SPEEDY: Can the seller use or remove all fuel in the tank before settlement?

FORMS GUY: The seller’s use, removal or resale of fuel in any fuel tank is subject to the seller’s obligation to provide working, existing utilities through closing or possession by the buyer. A new “Note” has been added at the end of Paragraph 2 to underscore that fact.

SPEEDY: What about the other change you mentioned?

FORMS GUY: The other change is the most significant change to the contract in my opinion. It has to do with the payment of fees charged by an owners’ association. Aside from regular and special assessments, the old version of the contract put the obligation on the buyer to pay all owner association fees and charges except any fee incurred by the seller in completing the disclosure statement. The new version attempts to allocate responsibility between the buyer and seller for the payment of the various fees that may be charged by an owners’ association or management company in a more balanced way.

SPEEDY: How do you mean?

FORMS GUY: In Paragraph 8(j) of the new version, the seller is responsible for paying any “transfer or similar fee.” That phrase is intended to cover any charge related to transferring or changing ownership records to a new owner, whether it’s called a “transfer fee” or something else. A “new owner set-up fee” would be an example of such a fee.

SPEEDY: I was a buyer agent in a sale recently where the HOA charged a “social membership initiation fee” and a “capital contribution fee.” Would the seller be responsible for paying those fees under the new contract?

FORMS GUY: No, assuming those fees are not related to transferring ownership to the new owner. If not, they should be the responsibility of the buyer.

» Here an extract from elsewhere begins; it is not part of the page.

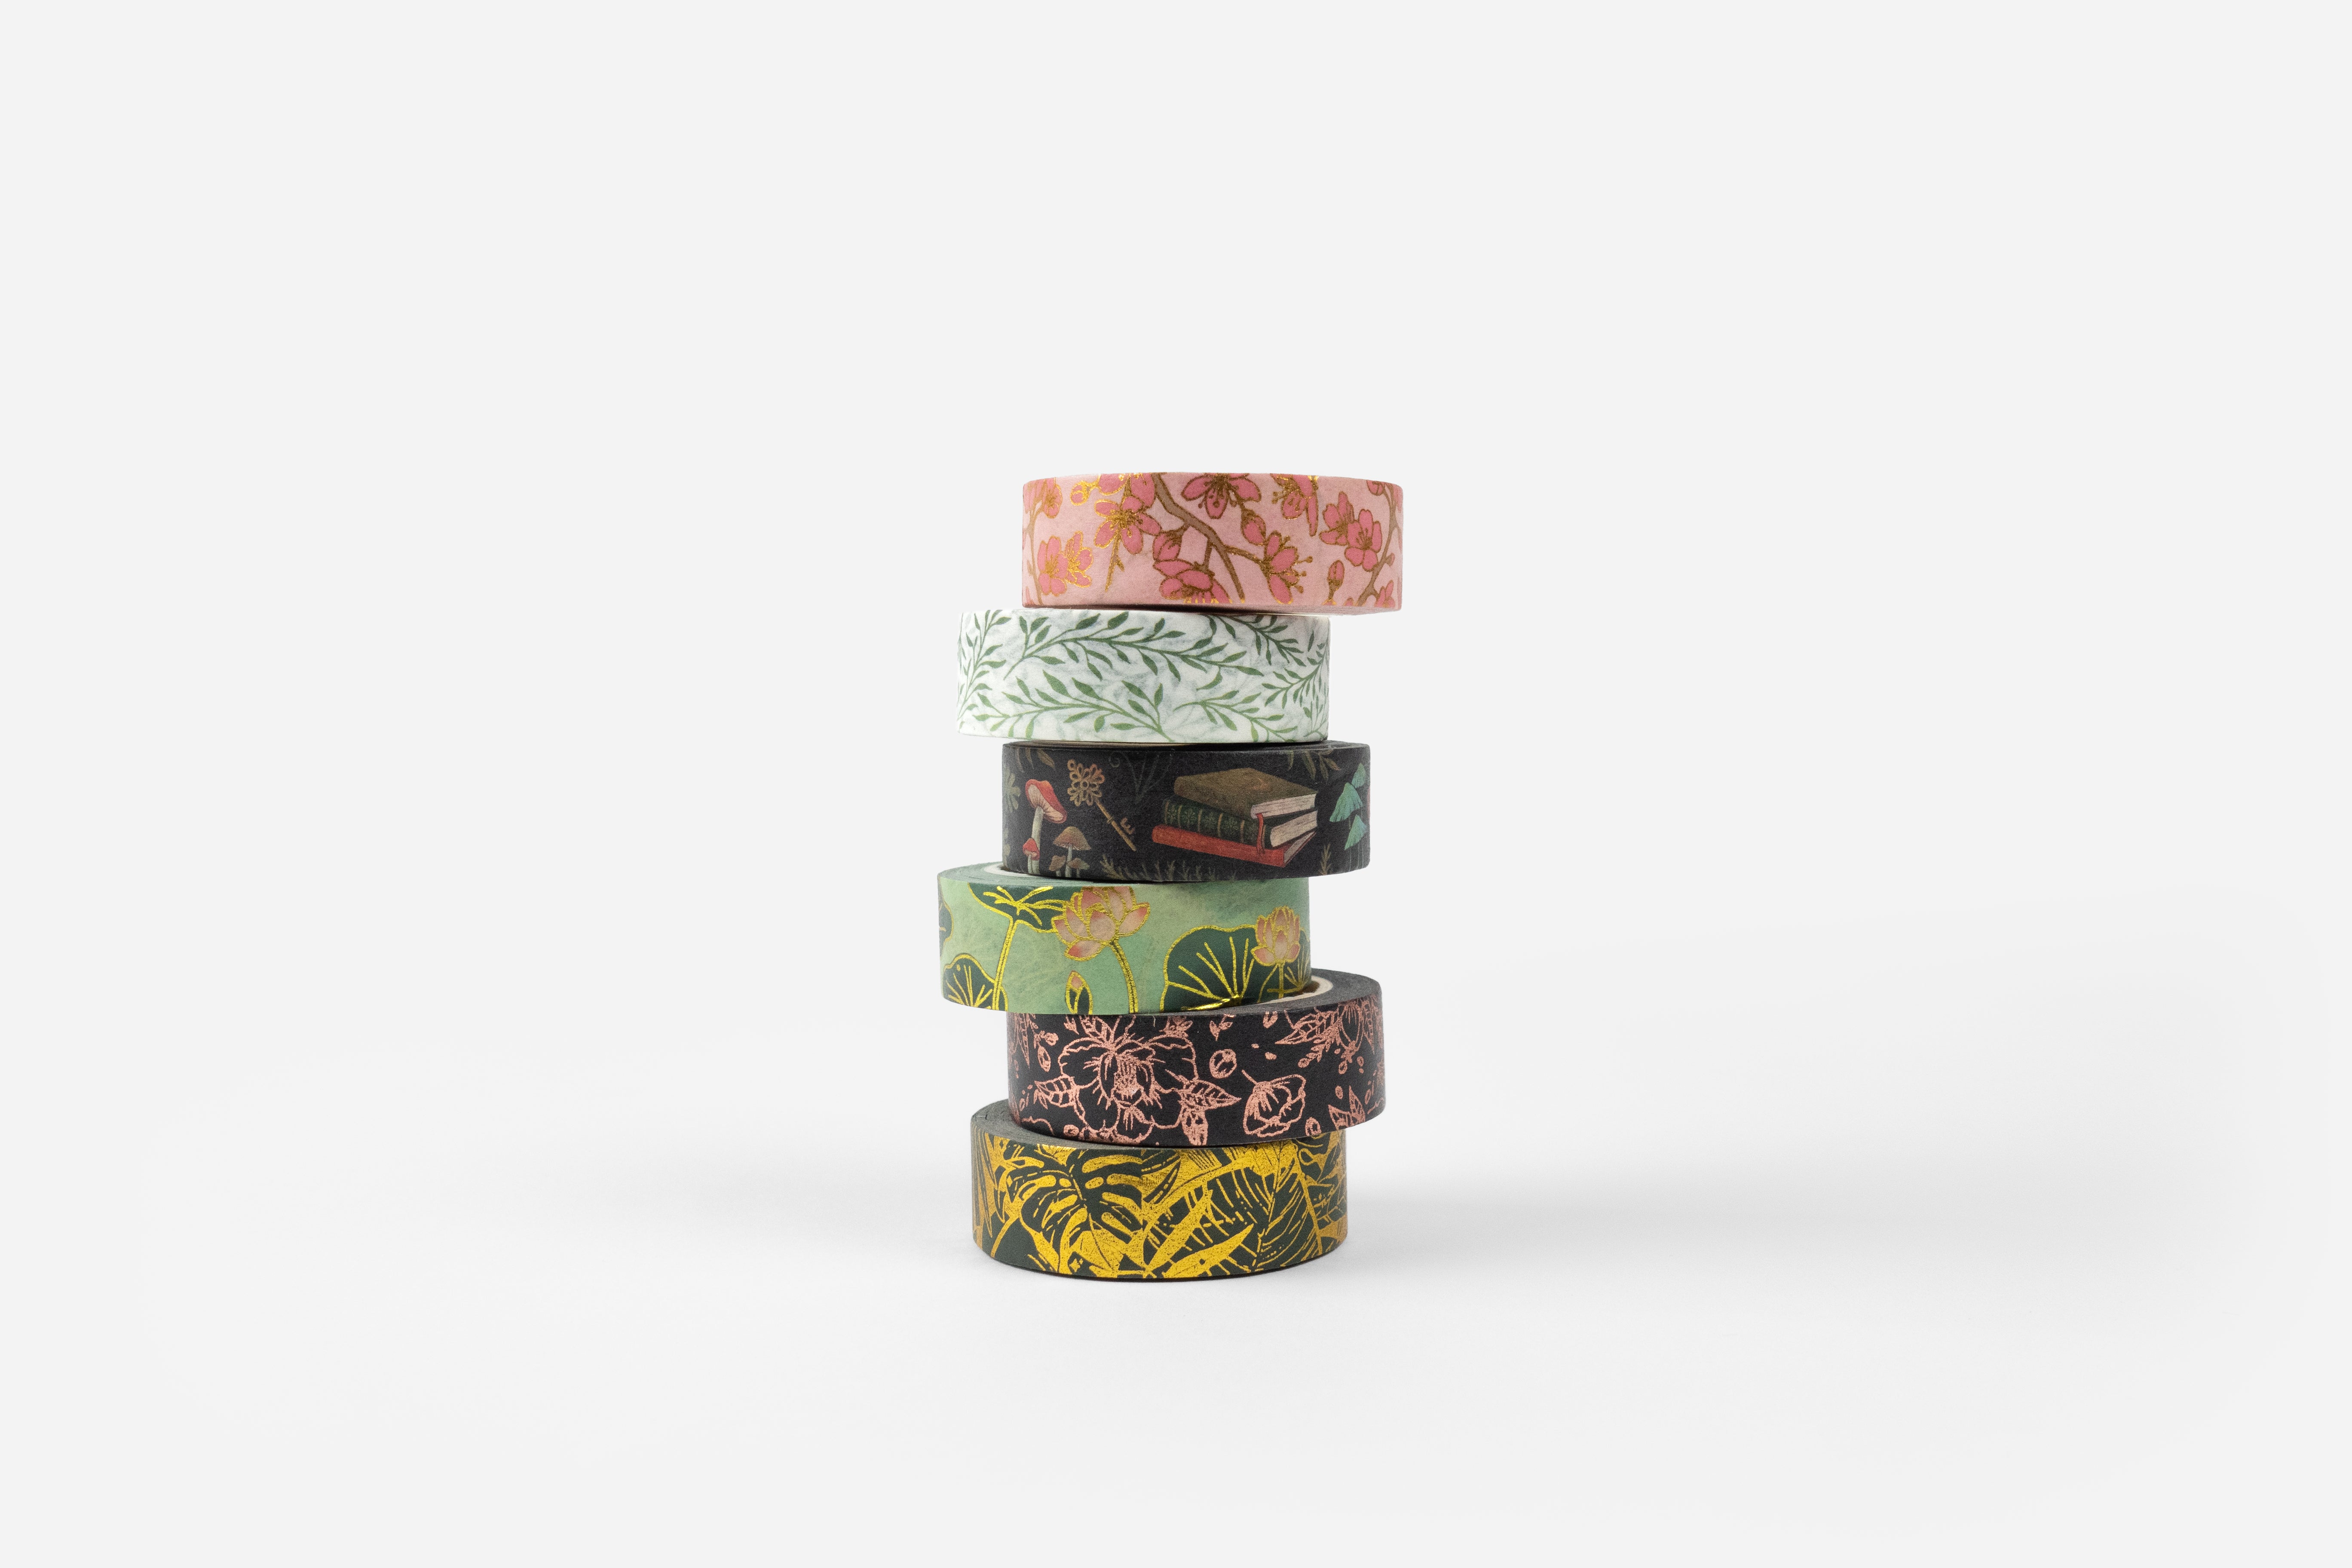 six washi tape golden nature rolls stacked

SPEEDY: How about a charge for confirming that the seller is current on the seller’s association dues or assessments?

FORMS GUY: Under the new contract, that must be paid by the seller. Paragraph 8(j) says the seller shall pay “any fees required for confirming Seller’s account payment information on owners’ association dues or assessments for payment or proration.”

SPEEDY: How about information about an HOA that the buyer’s lender may require, such as the amount of the association’s reserves?

FORMS GUY: Under the new contract, the buyer is responsible for paying any fee charged by the owners’ association for information relating to a buyer’s due diligence. See Paragraph 6(a). Getting a loan is part of the buyer’s due diligence process, so a charge for information provided at the request of the buyer’s lender should be paid by the buyer.

SPEEDY: It sounds like it might be confusing trying to figure out who’s responsible for paying what!

FORMS GUY: The reality is that the variety of fees charged by owners’ associations and their management companies has proliferated, at least in certain areas of the state. The sum total of those fees can be quite significant in some instances. As I said earlier, the new version of the contract attempts to

allocate responsibility for the payment of those fees in a more equitable way than under the old contract. The lawyers and REALTORS® on the task force responsible for changes to the contract felt it is more appropriate for the seller to pay fees associated with the transfer of the property because the seller, as a member of the owners’ association, is in a better position than the buyer to be familiar with such fees or to obtain information about them from the association or its management company. In some situations it might be difficult to determine what a fee is supposed to be for and which party is responsible for paying it. In my view, both parties should seek to determine what fees are going to be charged by the owners’ association and/or the association’s manager as early in the process as possible. If the parties know what the fees are going to be, they can negotiate the transaction with those fees in mind to help avoid later misunderstandings.

SPEEDY: Okay, thanks Forms Guy. I’ve got to run because I’m a busy, busy man!

FORMS GUY: You’re welcome, Speedy. If you ever slow down a bit, there’s a detailed summary of all the changes to the contract on the NCAR website. Best wishes!